(Stored items from a collection)
________

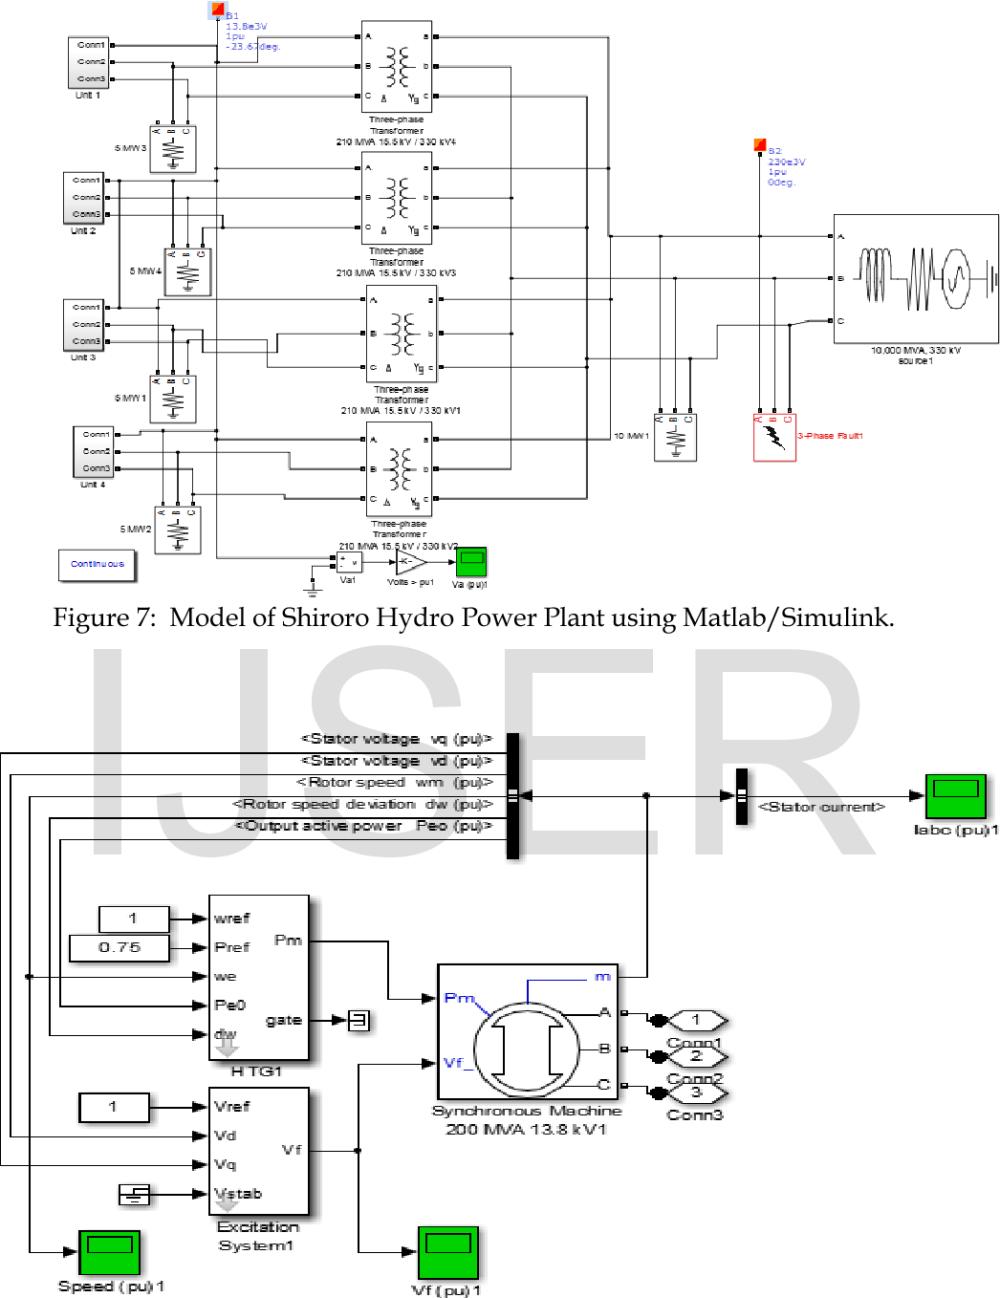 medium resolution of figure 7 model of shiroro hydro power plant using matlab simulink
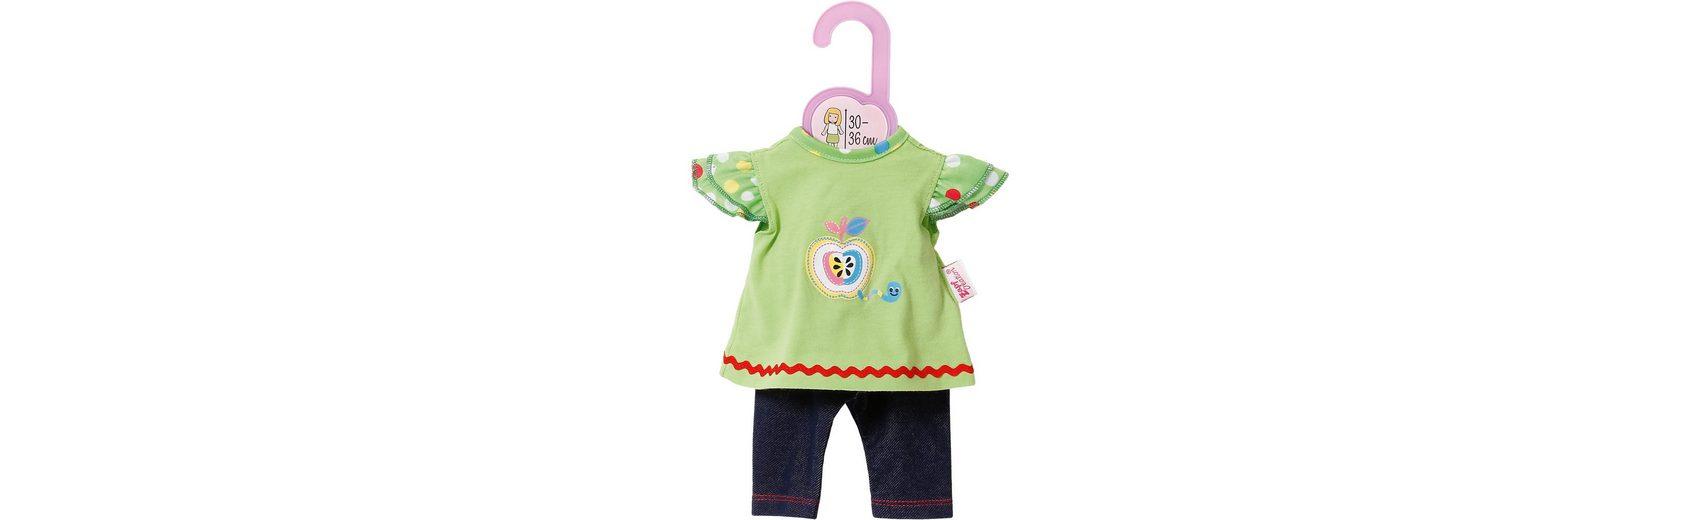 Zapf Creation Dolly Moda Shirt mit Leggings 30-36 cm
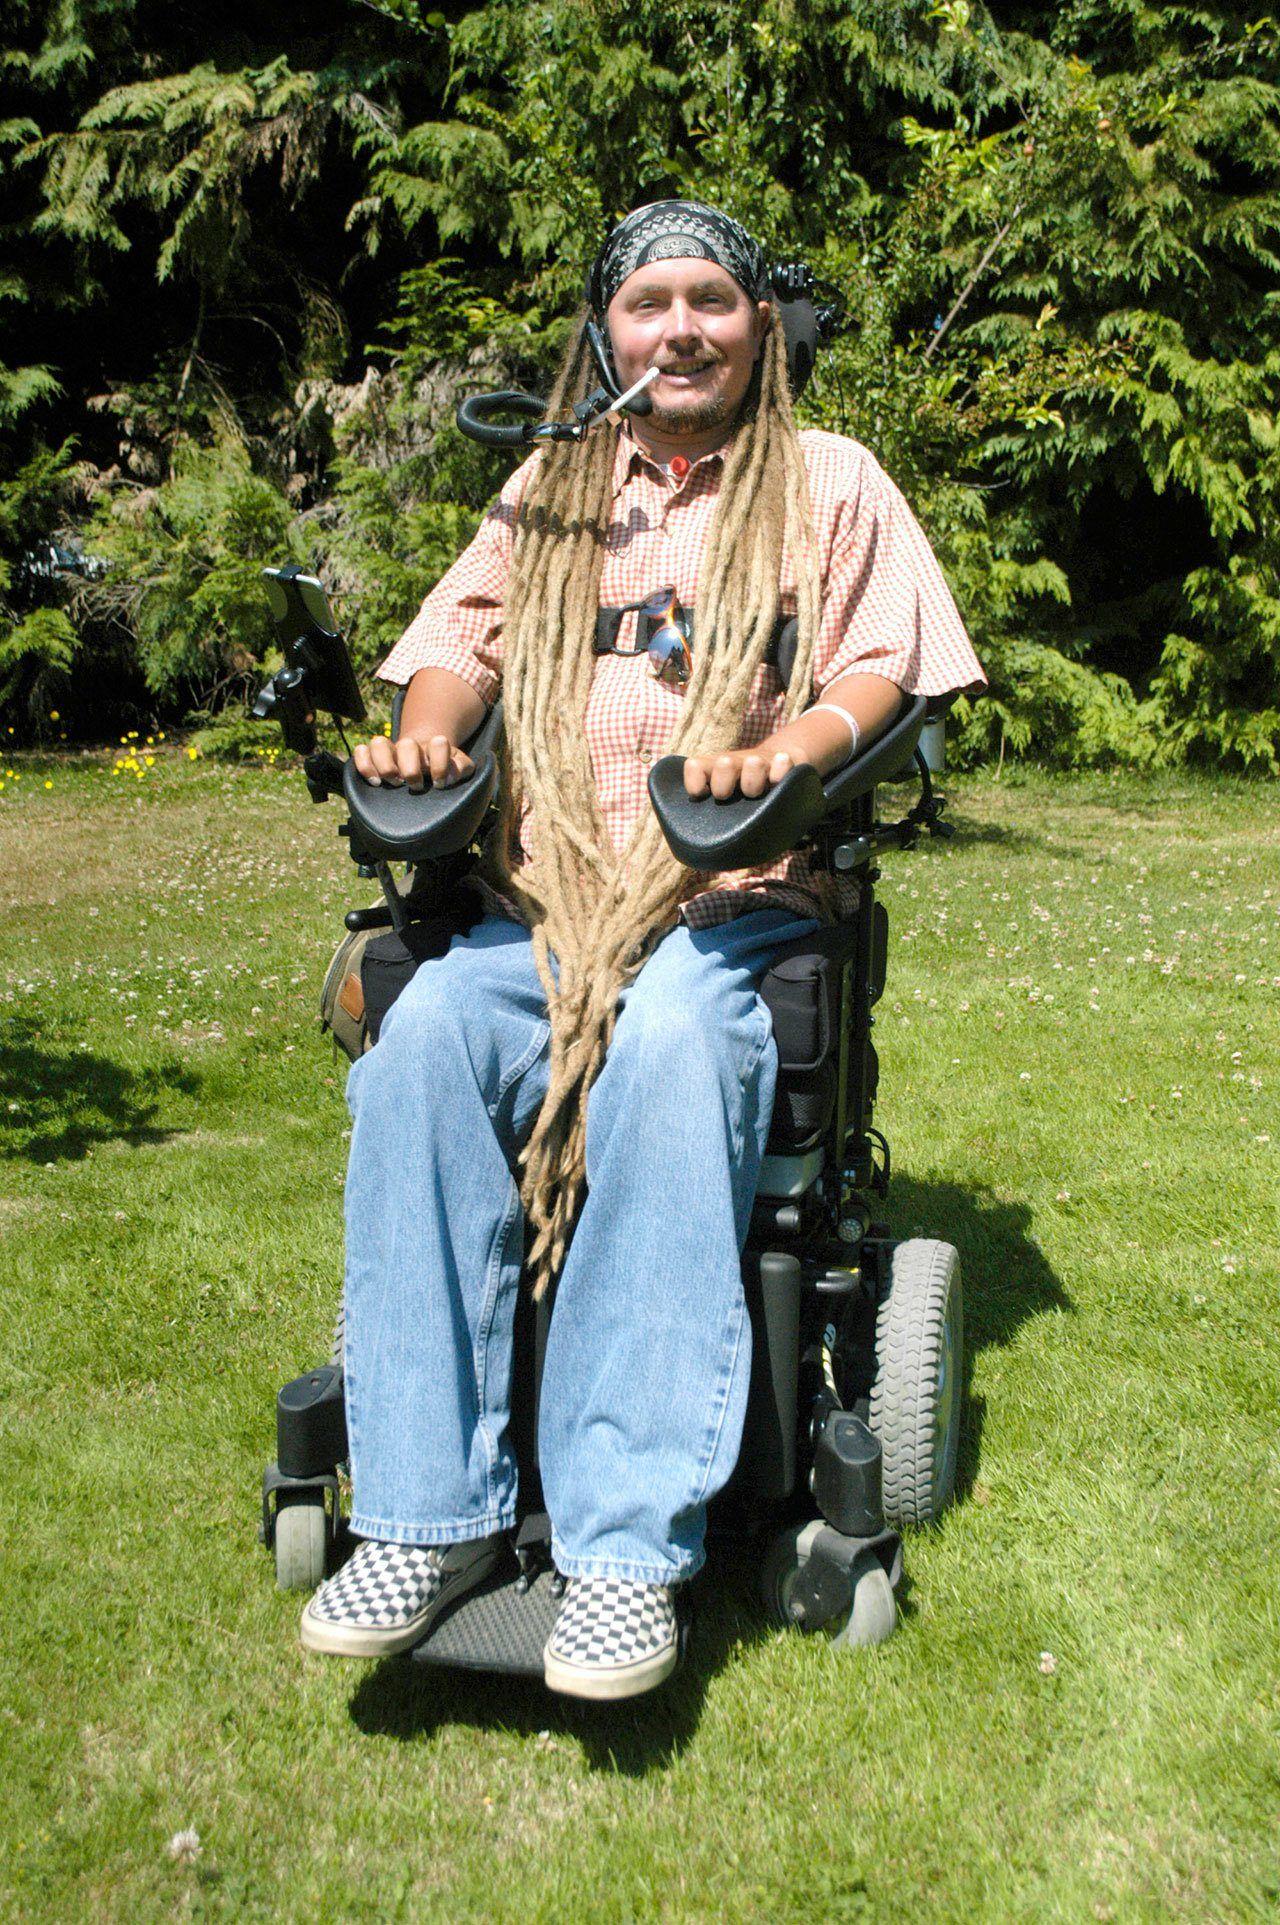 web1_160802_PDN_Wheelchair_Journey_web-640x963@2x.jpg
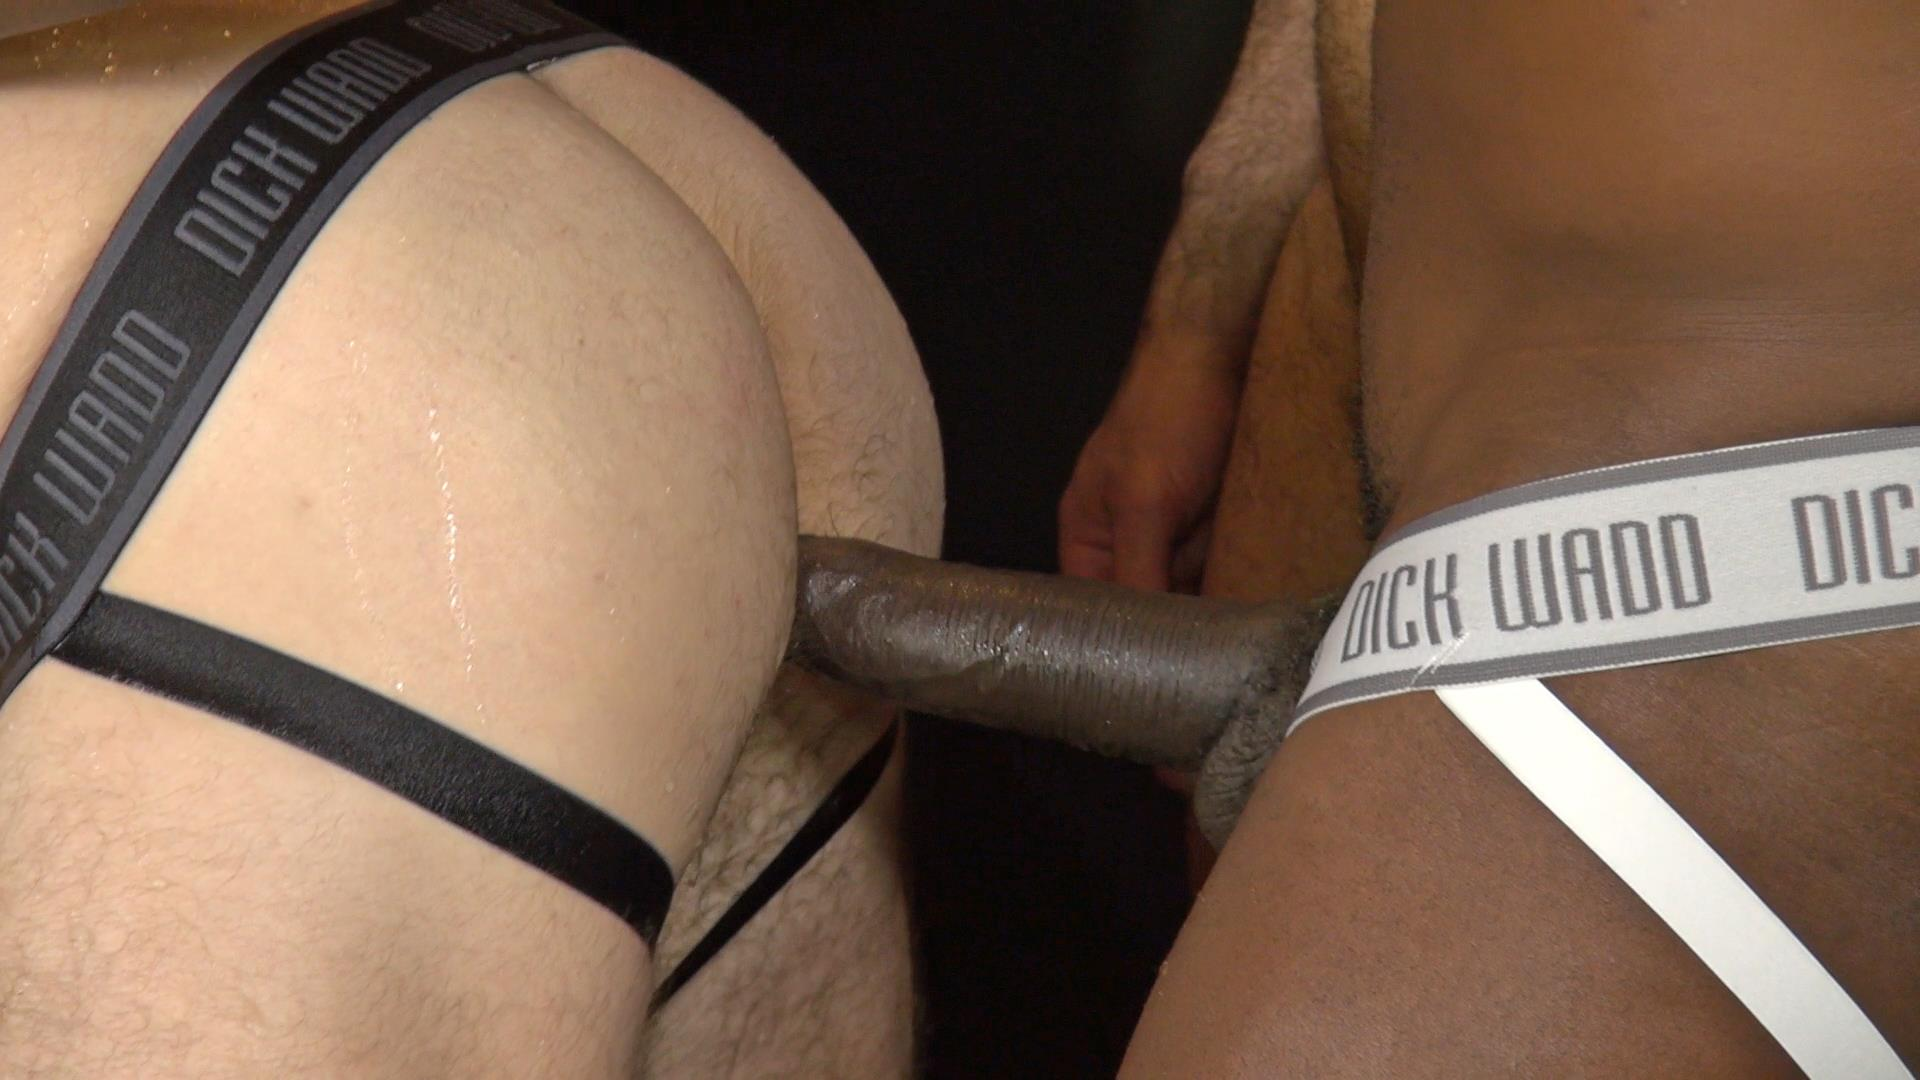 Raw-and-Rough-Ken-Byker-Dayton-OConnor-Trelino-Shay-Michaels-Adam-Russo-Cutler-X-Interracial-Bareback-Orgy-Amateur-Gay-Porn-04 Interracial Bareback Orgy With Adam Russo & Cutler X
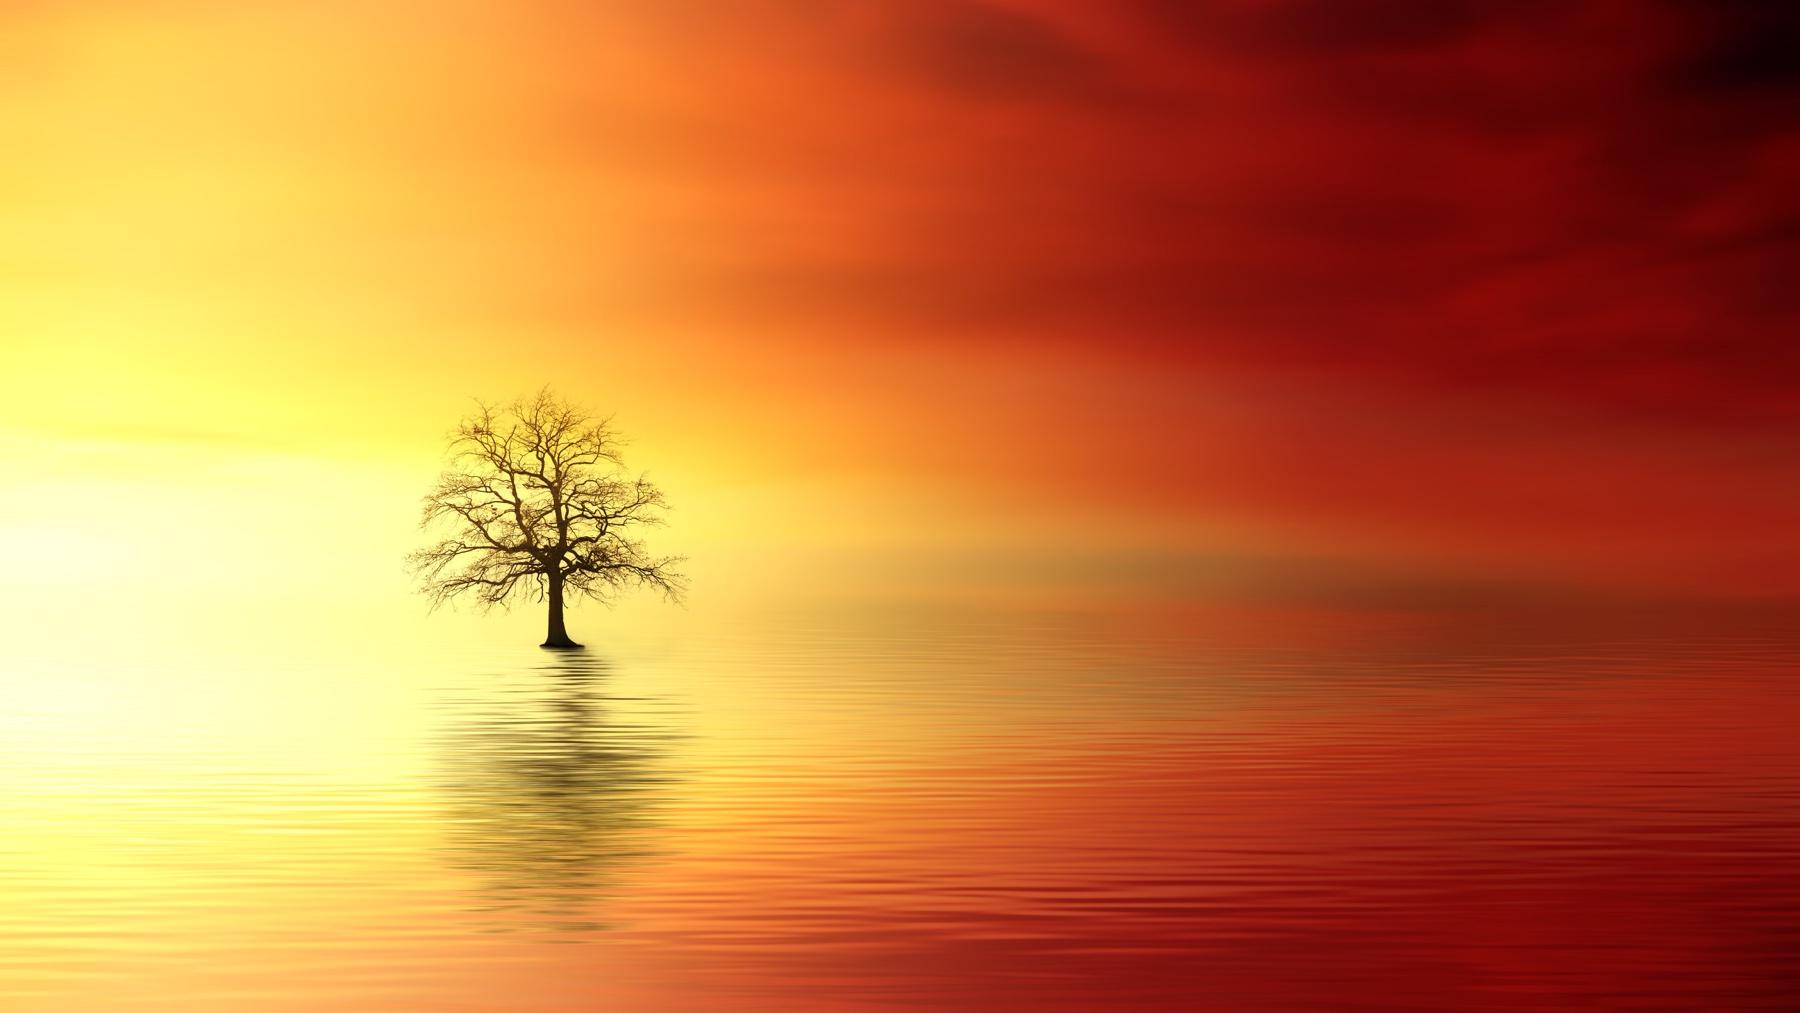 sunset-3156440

________

> Task statement
All lines from the one with "Zapf Creation Dolly" through the end of the records above must be reproduced exactly, both ends included, and the pictures must be left out.

> Answer section
 Zapf Creation Dolly Moda Shirt mit Leggings 30-36 cm
 web1_160802_PDN_Wheelchair_Journey_web-640x963@2x.jpg
 Raw-and-Rough-Ken-Byker-Dayton-OConnor-Trelino-Shay-Michaels-Adam-Russo-Cutler-X-Interracial-Bareback-Orgy-Amateur-Gay-Porn-04 Interracial Bareback Orgy With Adam Russo & Cutler X
 sunset-3156440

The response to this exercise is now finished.